Aspose.Cells support SAX-like read/write?

ZachBlocker · August 9, 2013, 5:05pm

For reading and writing very large spreadsheets, does your solution support SAX-like read and write capability, so that only a small fragment of the spreadsheet exists in memory at any given time?

amjad.sahi · August 12, 2013, 4:19am

Hi,

Well, we have LightCells APIs feature that you may try to use. But, currently, it only supports to write large Excel files but does not support reading files. The LightCells API is SAX-like feature. Please see the topic for your complete reference:

http://www.aspose.com/docs/display/cellsnet/Using+LightCells+API

Thank you.

ZachBlocker · August 12, 2013, 12:32pm

I’m confused about some language in the introductory section of the linked documentation. Particularly where it reads

“Commonly,using LightCells API to save XLSX file may save 50% or more memory than using the common way”

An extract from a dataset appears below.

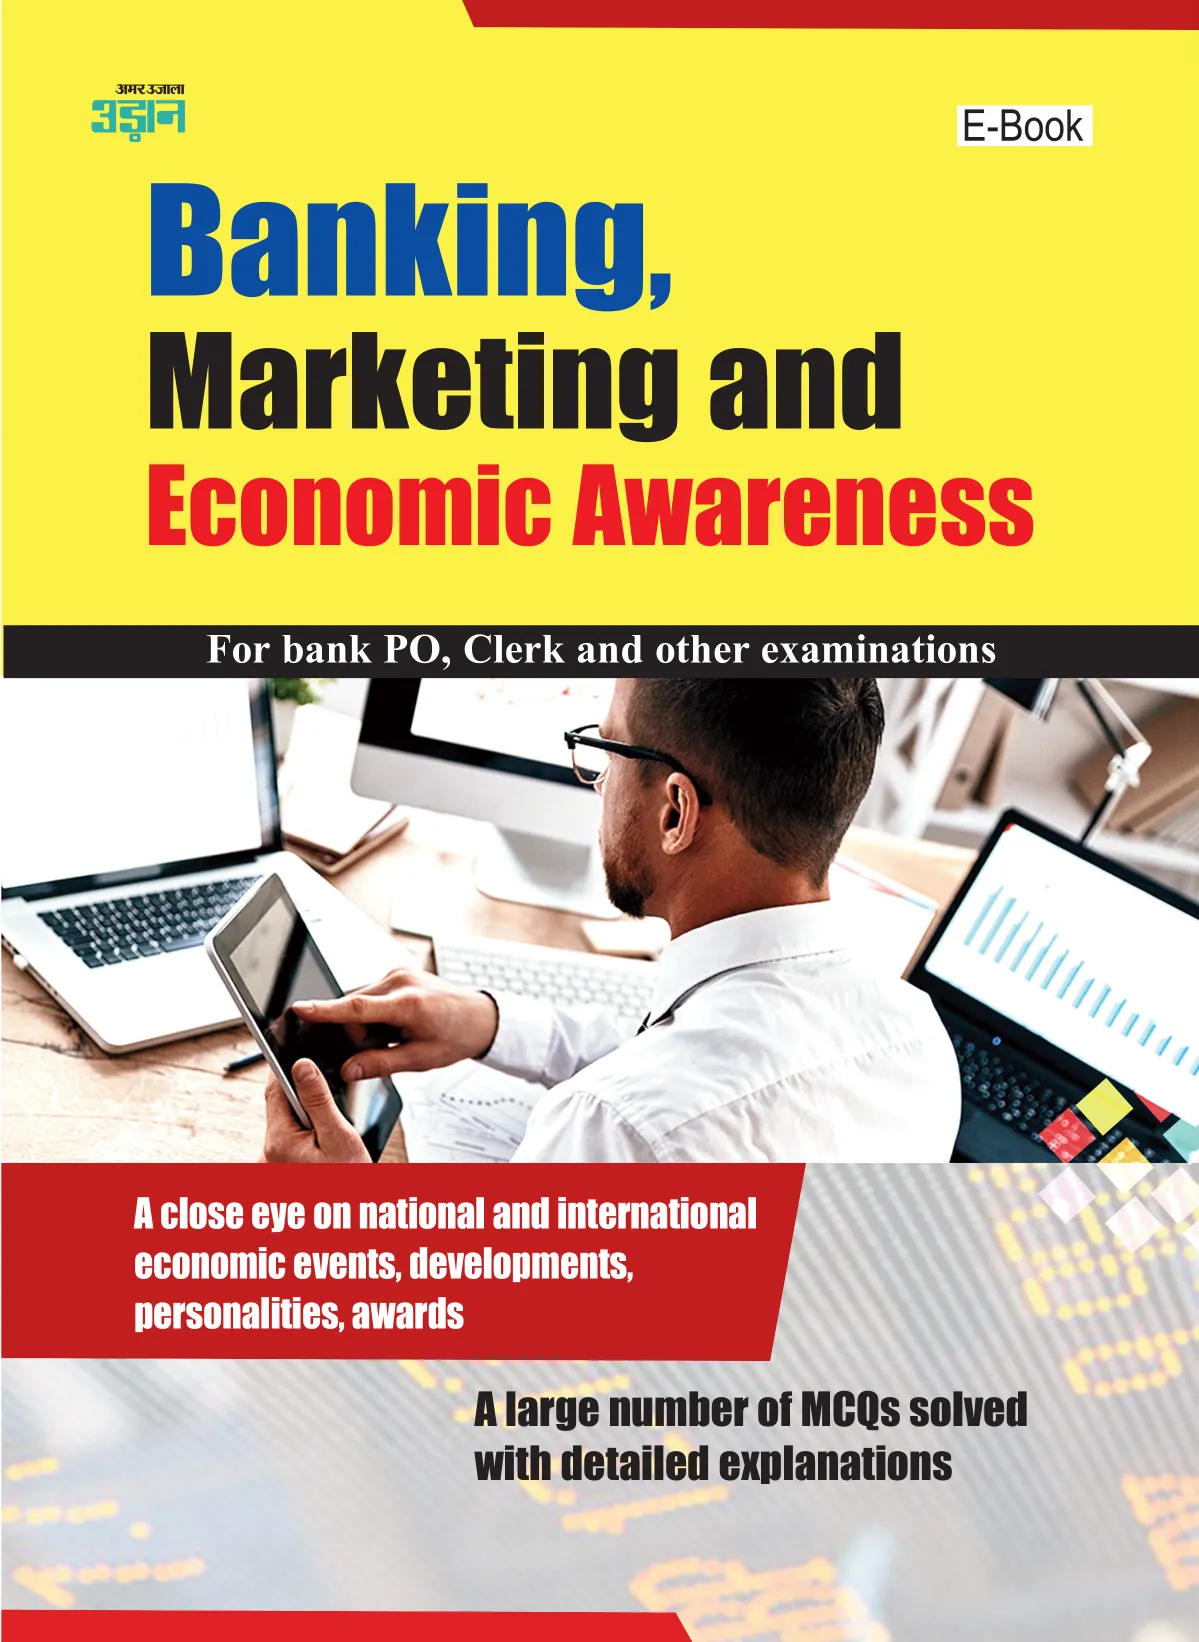 E-BOOK COVER-BANKING

It seems to me that with a pure sequential write approach, memory usage would be flat, and would not be expressed as a percentage savings over the DOM-based method. Please look at the quick drawing I made for a comparison:

Memory usage graph for spreadsheet libraries - Google Drawings

Based on this graph, which of the dashed lines most resembles the memory usage model of LightCell API? The dotted red line or the dotted green line on the bottom (flat usage)?

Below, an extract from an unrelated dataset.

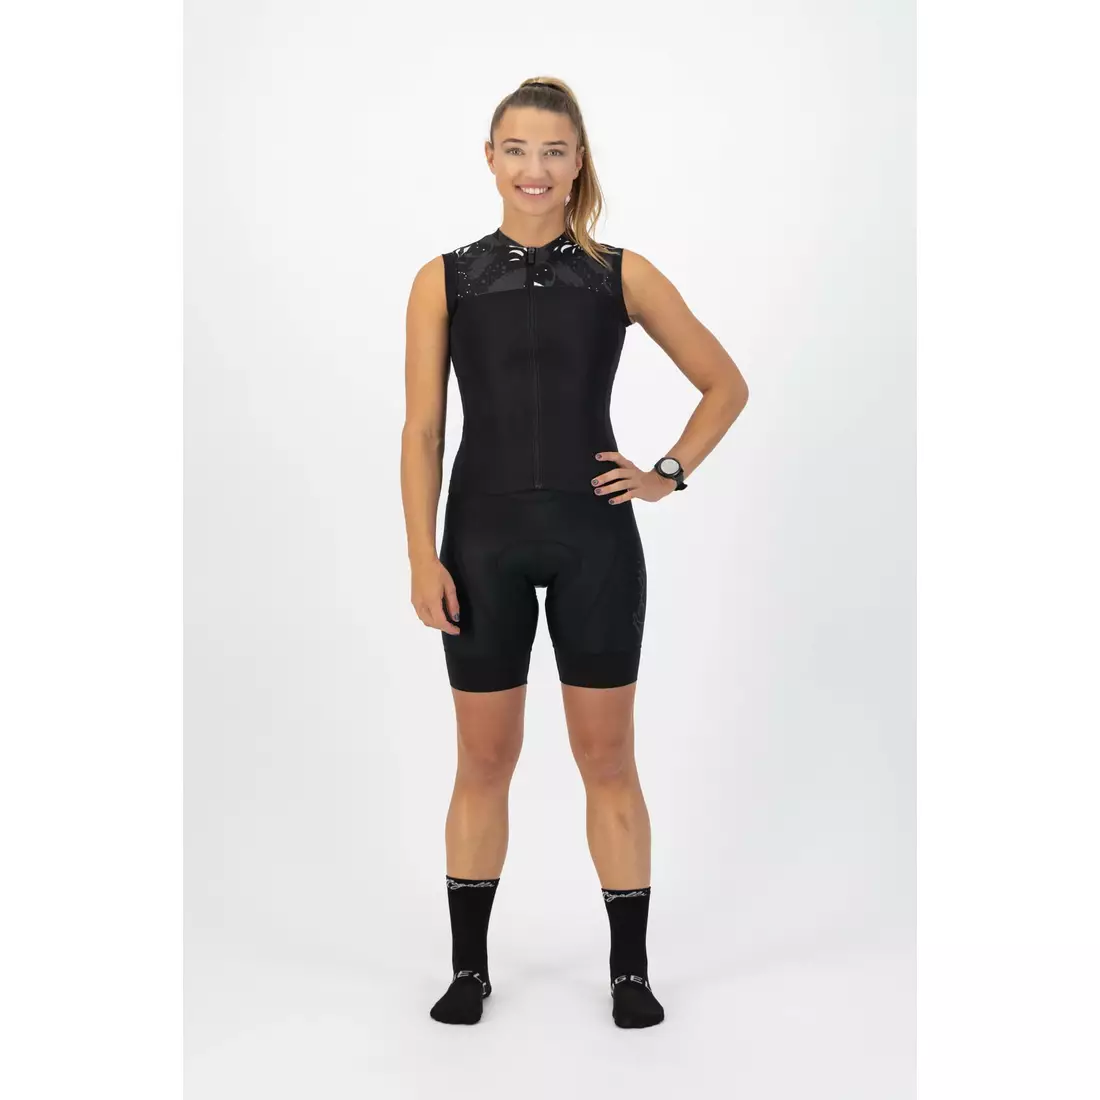 ROGELLI HARMONY Sleeveless women's cycling jersey,, black

One other issue: Is there any more documentation for LightCells API, or is it just this one page?

ZachBlocker · August 12, 2013, 12:33pm

Previous drawing as a file attachment.

shakeel.faiz · August 12, 2013, 11:53pm

Hi,

Thanks for your posting and considering Aspose.Cells.

In fact saving an XLSX file is not so simple as writing xml data with a pure sequential mode. Firstly, the XML file is not the final XLSX file. Even if xml file can be created by writing data in sequential mode, it has to be processed with other logics to build the final XLSX file.

Secondly, to create XLSX file there are many things need to be gathered and indexed firstly instead of writing to the final xml file directly. Those gathered data has to be hold in memory until all data(cells) that use it has been generated.

So, the memory cost depends on many things such as cells dataset, used styles/shared strings, …etc. and the performance result may vary significantly for generating the same size of XLSX files with different data and settings.